Да уж, сказал он себе. В трех томах, которые никто никогда не издаст: мне заявят, что это неправда и что я ненавижу род людской. Прекрати, сейчас же прекрати! Когда говорят о человеческой пове сти, подразумевают нечто совсем другое. Это человеческая повесть. Но не то, что имеется в виду. Что же имеется в виду? Тебе не дано этого знать. А вот и дано! Ты знаешь. Отлично знаешь — не зная. Прекрати!..
Неужели тебе надо всегда и во всем докапываться до смысла? Здесь-то ты и делаешь первую ошибку — именно здесь. Действуй не размышляя. Твоя вещь не обязана обладать смыслом.

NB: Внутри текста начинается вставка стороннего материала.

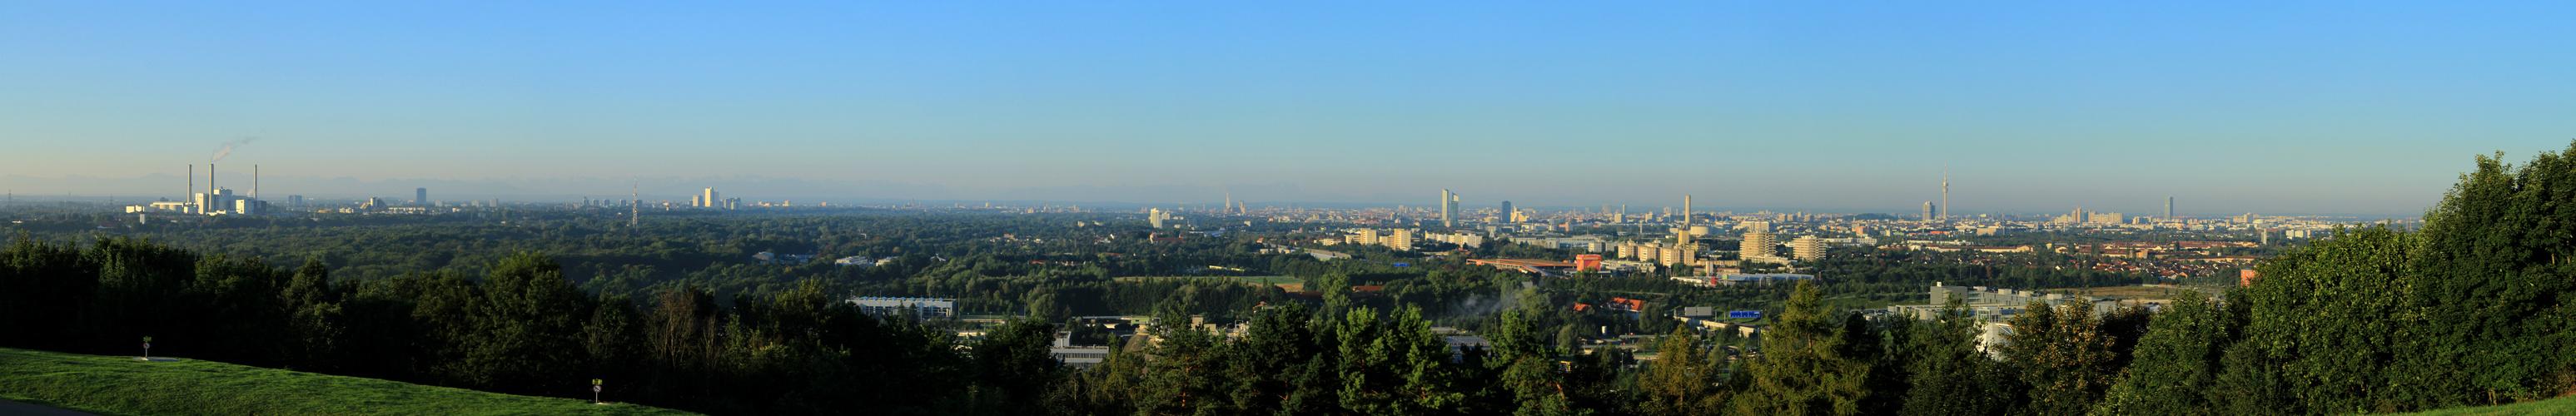 München Panorama #2

Она должна быть написана так, как будто ты никогда не пытался найти смысл ни в чем, даже в собственной жизни. Как будто ты именно такой человек. За что люди не любят тех, кто ищет смысл? В чем здесь настоящая причина, что?..
ПРЕКРАТИ!..
Попробуем подойти к этому совершенно иначе. Не надо начинать с абстракции. Начни с чего-нибудь определенного. С чего угодно. Подумай о чем-нибудь простом, очевидном и отвратительном. Таком отвратительном, что тебе совершенно все равно, что будет дальше. Назови первое, что придет в голову. Например, история о миллионере средних лет, который пытается соблазнить бедную работающую молодую девушку. Хорошо. Очень хорошо.
Теперь продолжай. Быстро. Не задумывайся. Продолжай.
Итак, ему около пятидесяти. Он сколотил состояние нечистоплотными методами, потому что жесток. Ей всего двадцать два, она очень красива, обаятельна, мила и работает в «пять-и-десять»[22]. Да, в «пять-и-десять». А он — владелец. Именно так — крупный магнат, у которого целая куча магазинов «пять-и-десять». Хорошо.
В один прекрасный день он приходит в тот самый магазин, видит девушку и влюбляется. Почему вдруг влюбляется? Скажем, он одинок. Ужасно, безмерно одинок. Во всем мире у него нет ни единого друга. Никто его не любит. Люди никогда не любят тех, кто самостоятельно добился успеха. Кроме того, он жесток. А когда ты работаешь больше любого другого, когда пашешь как вол, пока остальные прохлаждаются, и потому всех их обходишь, тебя называют нечистоплотным. Это тоже свойственно людям.